Göteborg ilinde de Gustaf Adolf Meydanı’nda bir araya gelen yüzlerce kadın Stockholm Polisi’nin kadınları fişlemesini protesto etti. Sara Bloman, polisin baskı, tehdit ve şiddete uğrayan kadınları fişleyerek aşağıladığını ve bir daha aşağılanmak istenmeyen pek çok kadının baskı ve şiddete maruz kaldığı halde polise başvurmamayı yeğlediğini söyledi.

Fişlemeleri yapan polislerin suç işlediklerine belirten Bloman, fişleme yapan polislerin cezalandırılması için başlattıkları imza kampanyasına şimdiye kadar 10 bin kişinin destek verdiğini söyledi.

ŞİDDET UYGULAYAN ERKEKLER YERİNE MAĞDUR KADINLAR FİŞLENDİ

Polisin yaptığı açıklamalar söz konusu fişlemenin yapılması için yetkili kurumlardan izin alındığını gösteriyor. Ancak bu izin kadınlara şiddet uygulayan erkeklerle ilgili bilgilerin toplanması için verildi. 2005-2010 yıllarını kapsayan izin pratikte şiddet uygulayan erkekler için değil kadınların fişlenmesi için kullanıldı ve 2010 yılında süresi dolmasına rağmen fişleme geçtiğimiz yılın sonuna kadar sürdürüldü.

Fişlemenin yapıldığı Södertörn Emniyet Müdürü skandalın açığa çıkmasından hemen sonra kadınlara yönelik tehditin derecesini belirlemek ve kadınları korumak amacıyla yaptıklarını iddia ederek fişlemeleri savundu. Ancak birkaç saat sonra, yanlış bilgilendirildiğini söyledi ve fişlemelerin yasalara aykırı olduğunu kabul etti.

Veri Araştırma Kurumu (Data Inspektionen) fişlemelerin yasalara uygun olup olmadığını belirlemek için  soruşturma başlatırken,  Polis yetkilileri fişlemenin 20 civarında polis tarafından yapıldığını açıkladı ve konu hakkında soruşturma açması için savcılığa başvurmuştu.

Gösteriyi örgütleyen kadın örgütleri polisin tehdit ve baskıya uğrayan kadınları fişlemesini protesto etmek amacıyla İsveç genelinde de bir imza kampanyası başlattılar.

Kampanyayı başlaan örgütler, fişlemelerin araştırılması için bağımsız bir komisyon kurulmasını, polisin fişlediği kadınlardan özür dilemesi ve tazminat ödemesini, polisin bu tür fişlemelerin başka yerlerde olmadığı ve olmayacağı güvencesini vermesini talep ediyorlar.

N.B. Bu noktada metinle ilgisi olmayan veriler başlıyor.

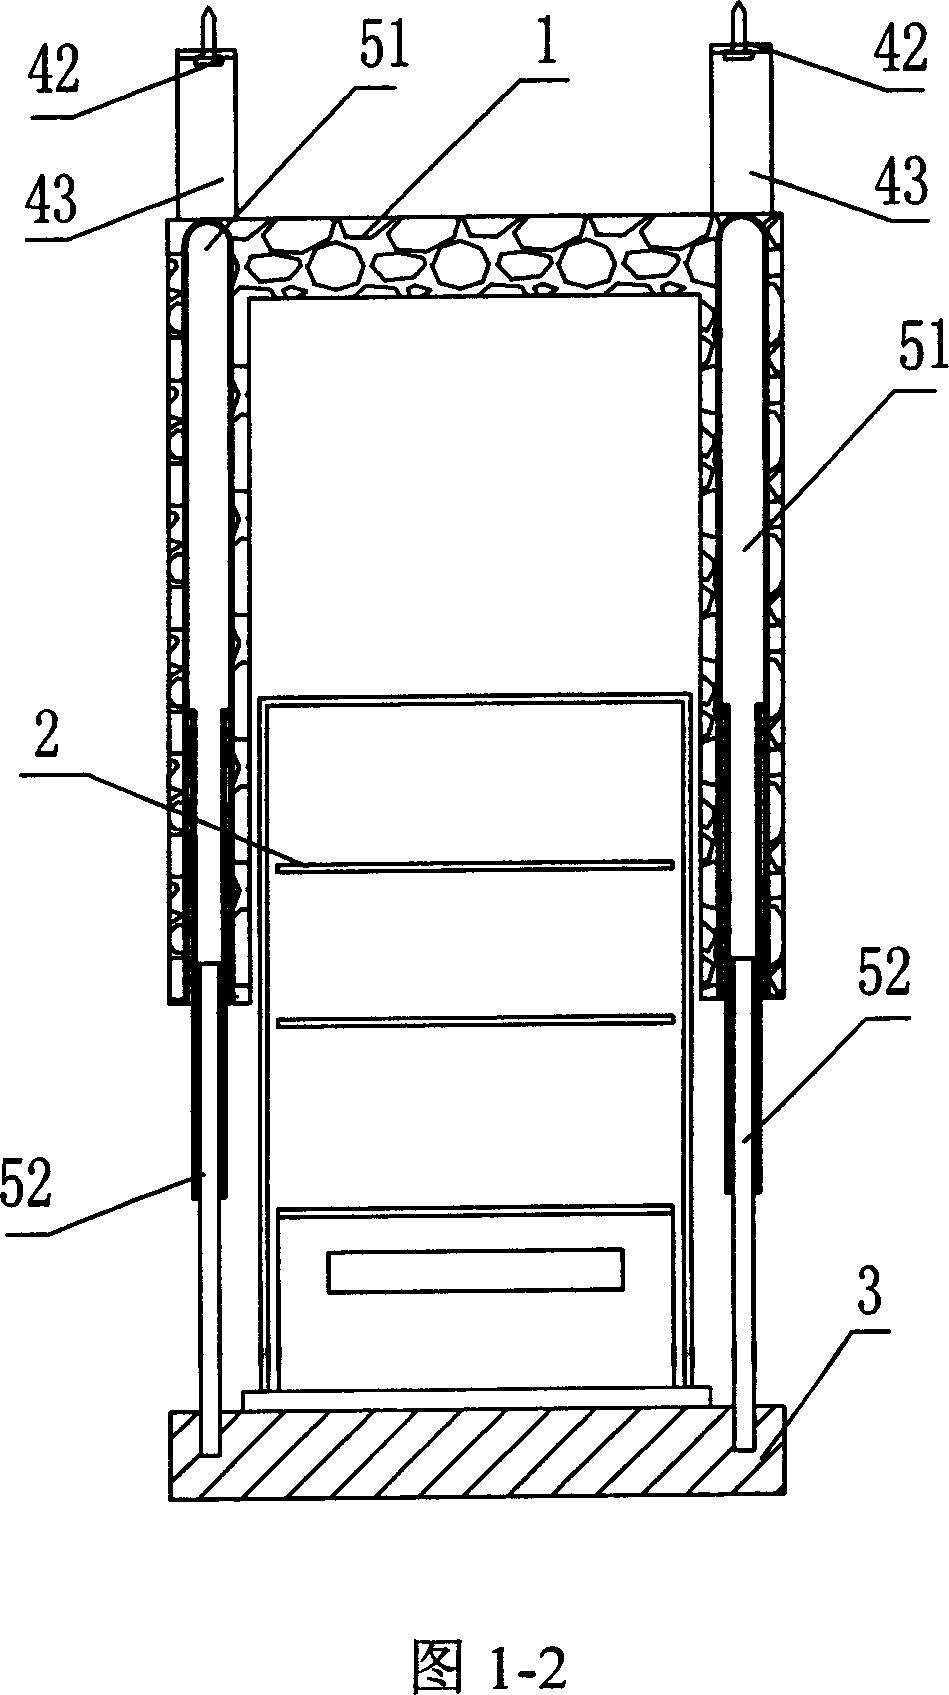 Suspended refrigerator with bottom door

İsveç Devlet Radyosu’nun fişlemeleri kamuoyuna duyurmasından hemen sonra da İsveç’in değişik yerleşim birimlerinde kadınlar kendiliğinden gösteriler örgütlemiş ve kadınları fişleyen polisler hakkında soruşturma açılmasını talep etmişlerdi. Kadın Hakları Federasyonu Başkanı Mitra Seif, Malmö ilinde yapılan gösteride polisin şiddete uğrayan kadınları fişlemesinin rahatsız edici ama şaşırtıcı olmadığını söylemiş, daha önce İsveç polisinin yaptığı fişlemelere dikkat çekmişti.

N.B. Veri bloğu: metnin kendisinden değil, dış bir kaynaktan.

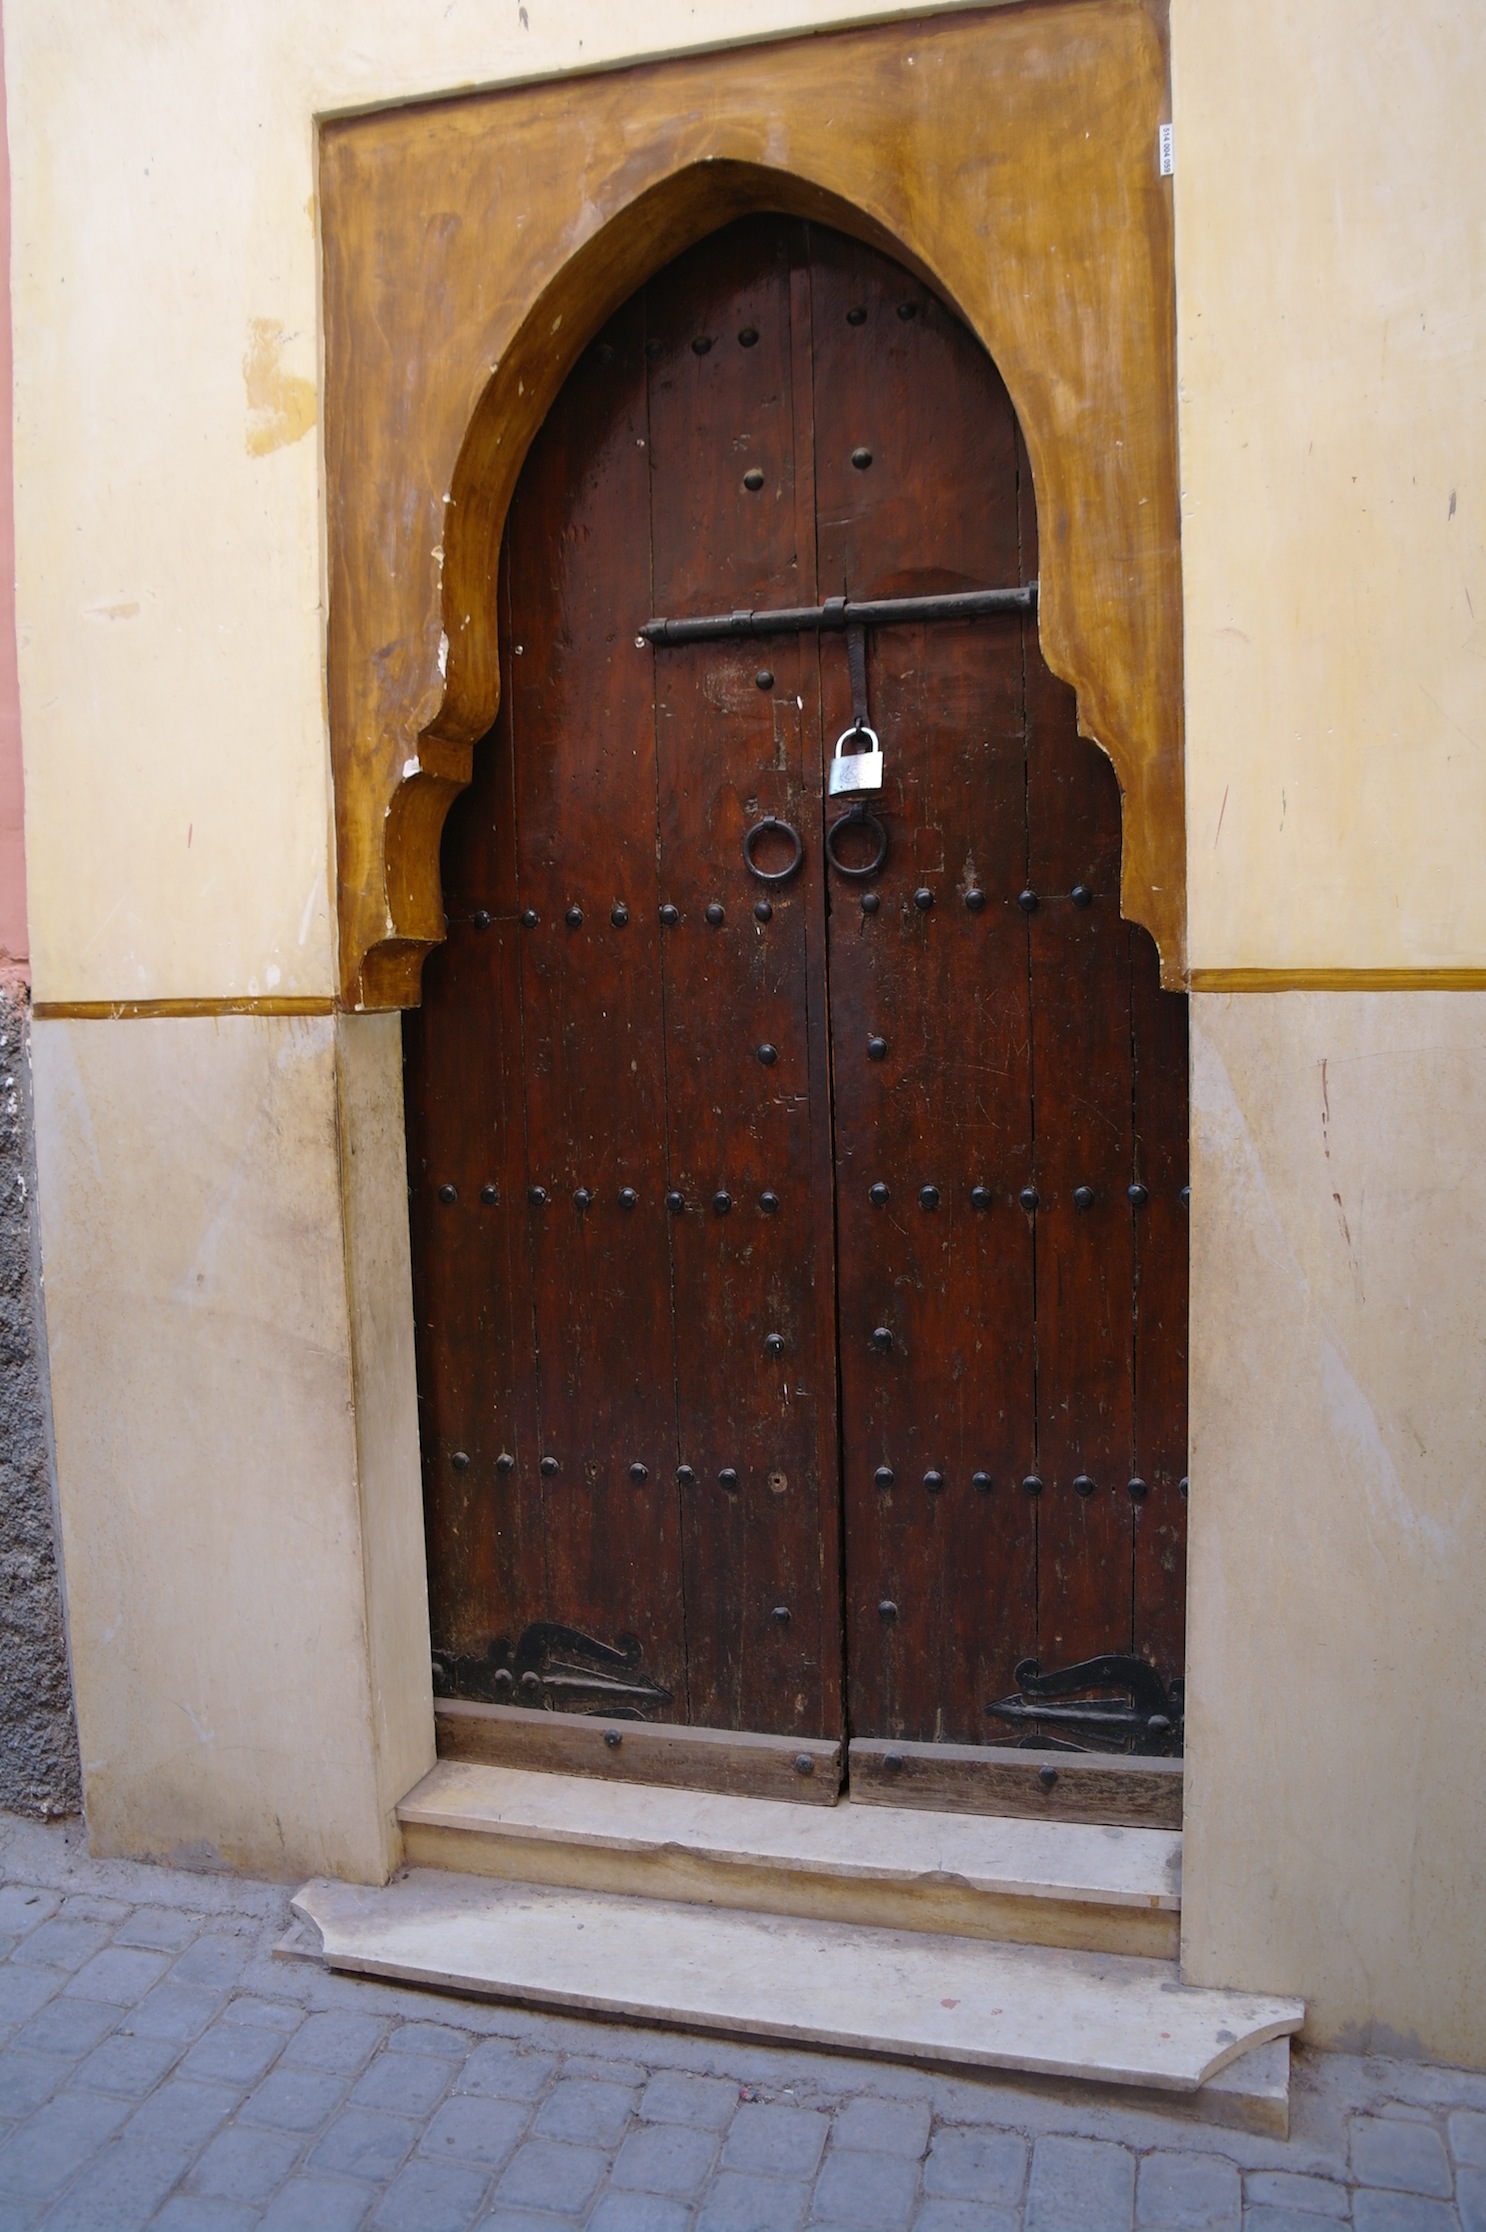 Locked away behind closed doors, Marrakech. By Kamel El Sayed

İSVEÇ DEVLETİ FİŞLEMEDEN SABIKALI

İsveç Devletinin kendi vatandaşlarını siyasi düşüncelerinden dolayı fişleme geleneği çok gerilere, İkinci Dünya Savaşı yıllarına dayanıyor. Nazilerin Norveç ve Danimarka’yı işgal etmelerinden hemen sonra İsveç Hükümeti 1940 yılında Güvenlik Polisine “Ülkenin güvenliği için tehdit oluşturabilecek tüm kişilerin izlenme ve dinlenmesi talimatını verdi. Kamuoyundan gizli olarak yapılan izlenme çalışmaları sonucu daha çok anarşist ve komünistlerin fişlendikleri yıllar sonra açığa çıktı.

Ancak İsveç tarihinin en kapsamlı fişlemeler Sosyal Demokrat Hükümet tarafından gizli olarak kurulan İnformasyon Bürosu tarafından 1960 ve 80’li yıllarda yapıldı. Komünist ve sol gruplara karşı başlatılan fişleme, giderek çevreciler ve eşcinselleri de içine alacak şekilde genişletildi ve bu süre zarfında 500 bin kişi fişlendi.

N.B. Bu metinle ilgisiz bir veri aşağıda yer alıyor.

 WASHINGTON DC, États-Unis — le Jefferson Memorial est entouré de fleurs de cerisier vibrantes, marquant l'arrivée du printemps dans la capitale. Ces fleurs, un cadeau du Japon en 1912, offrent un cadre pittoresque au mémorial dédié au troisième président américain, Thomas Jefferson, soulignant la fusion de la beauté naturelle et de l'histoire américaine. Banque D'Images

2003 yılında hazırlanan 6 bin sayfalık araştırma raporu İsveç Güvenlik Polisi’nin sistematik bir biçimde kişilerin görüşlerinden dolayı fişlediğini ortaya koydu.

Tüm bu skandallardan sonra yetkililer her türlü fişlemenin yasaklandığını kamuoyuna açıkladılar ama 2013 yılının Eylül ayında İsveç’in güneyinde Skåne Emniyet Müdürlüğü’nün bini çocuk 4 700 kişiyi sırf Romen oldukları için fişlediği açığa çıktı.